Timeout, client not responding.
debug1: do_cleanup
debug1: do_cleanup
debug1: PAM: cleanup
debug1: PAM: closing session
debug1: PAM: deleting credentials


The one obvious difference is the fact that you're using libssh2_channel_direct_tcpip() whereas this toy client uses libssh2_session_init().

I'll attach the source so you can take a look yourself.  Basically it's the client from their Github modified to be stand alone and changes the port to connect to to be 2222.  https://github.com/libssh2/libssh2/blob/master/example/ssh2.c

With key auth I run it as:

./ssh 127.0.0.1 csamuel foo -k

(it doesn't use the "foo" password field in this case).

All the best,
Chris
Comment 7 Christopher Samuel 2018-07-01 23:49:02 MDT
Created attachment 7202 [details]
Toy ssh client (connects and shows the banner, thats it)
Comment 8 Tim Wickberg 2019-01-14 13:54:49 MST
Chris - 

I'm closing this out as resolved/wontfix.
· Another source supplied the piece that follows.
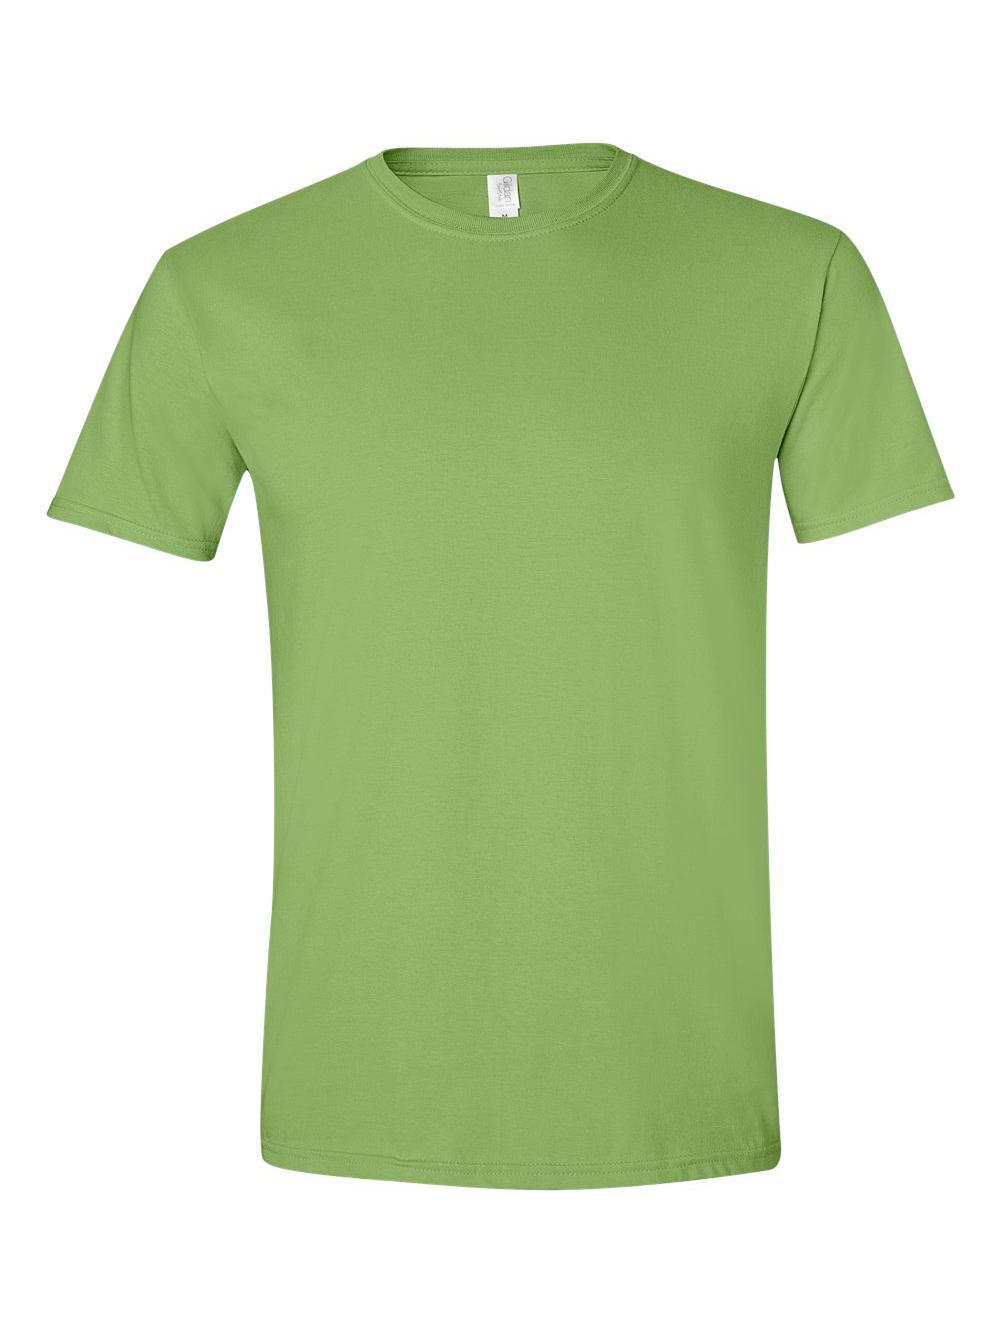 Gildan-Softstyle-T-Shirt-64000 thumbnail 117

I am completely overhauling the X11 forwarding code in 19.05, and it will no longer use SSH in any fashion, thus making this issue moot.

- Tim
Comment 9 Christopher Samuel 2019-01-14 21:50:25 MST
On 14/1/19 12:54 pm, bugs@schedmd.com wrote:

> I am completely overhauling the X11 forwarding code in 19.05, and it will no
> longer use SSH in any fashion, thus making this issue moot.

Yay!  Sounds good - thanks for the update Tim!